Here is a list of Installers in France < French Installers > so I think it is safe to say that A Frames are legal in France


----------



## raynipper (Aug 4, 2008)

Here is Car-A-Tow's list of fitting agents including the one in France.

http://www.caratow.com/agents.php

Ray.


----------



## aultymer (Jun 20, 2006)

Had no problems with overrun braked 'A' frame Matiz thru France and Italy for 6 weeks this year.
Great thing about buying an overrun system now is that if the law changes you can always lock the overrun and add on an electrical system later. If you buy electrical system and they get banned then you need to buy a new overun fitted frame.
We fitted a Car a Tow system and am happy with it but other systems are available. We based our choice on the way complaints were dealt with by each supplier.


----------



## tony645 (Sep 26, 2010)

Seems to be 2 threads on this now lol


----------



## SaddleTramp (Feb 15, 2007)

tony645 said:


> Seems to be 2 threads on this now lol


I think the other thread is one for sale isn't it ?.


----------



## tony645 (Sep 26, 2010)

yes but I posted on that one before I saw this one, justed added my experience with one in Germany


----------



## aultymer (Jun 20, 2006)

Other one for sale can hardly be called an 'A' frame!!
Looks like it attaches with webbing and has no brake facility at all.


----------



## zappy61 (May 1, 2005)

SteveRV said:


> As the article says don't make any assumptions, which is sound advice, if it is inertia braking systems that becomes the actual problem, maybe a move towards a proportional braking system is the way forward?

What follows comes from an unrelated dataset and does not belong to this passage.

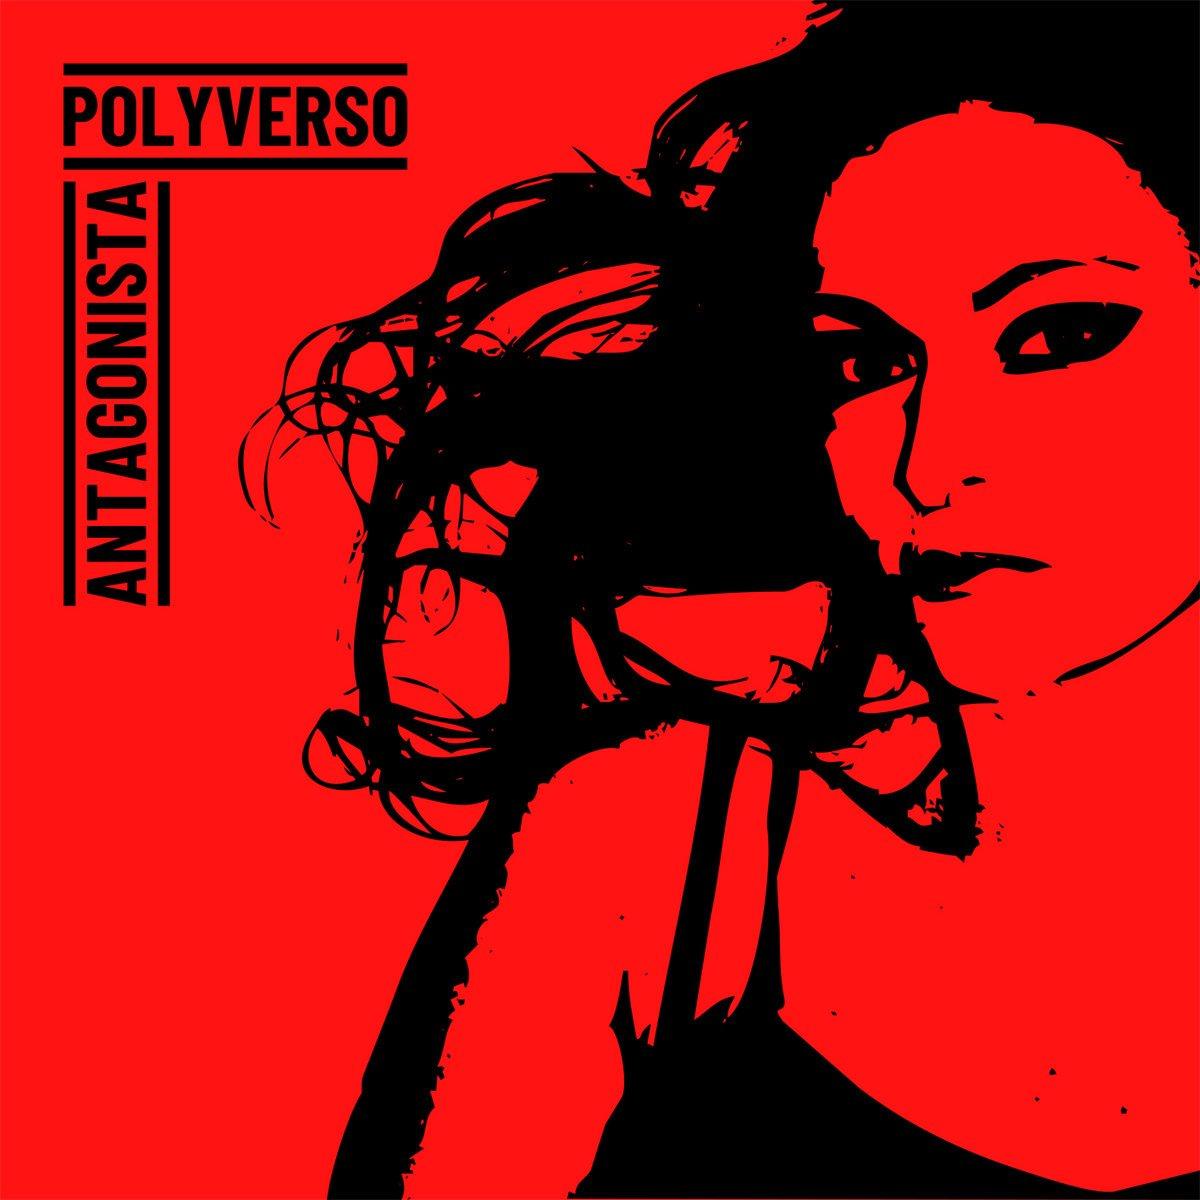 polyverso

Like the Brakebuddy, I would not be without mine.

Graham


----------



## SaddleTramp (Feb 15, 2007)

aultymer said:


> Other one for sale can hardly be called an 'A' frame!!
> Looks like it attaches with webbing and has no brake facility at all.


Yes it is an "Original" A-Frame for use by Garages etc, It can be used in conjunction with a Brake Buddy but it is one of those that you have to fasten the straps around the front wishbones etc, to clamp it, it also usually means that in wet weather you have to at least get your knees wet.

If you have a low plastic front on your Tow Car it wont fit.


----------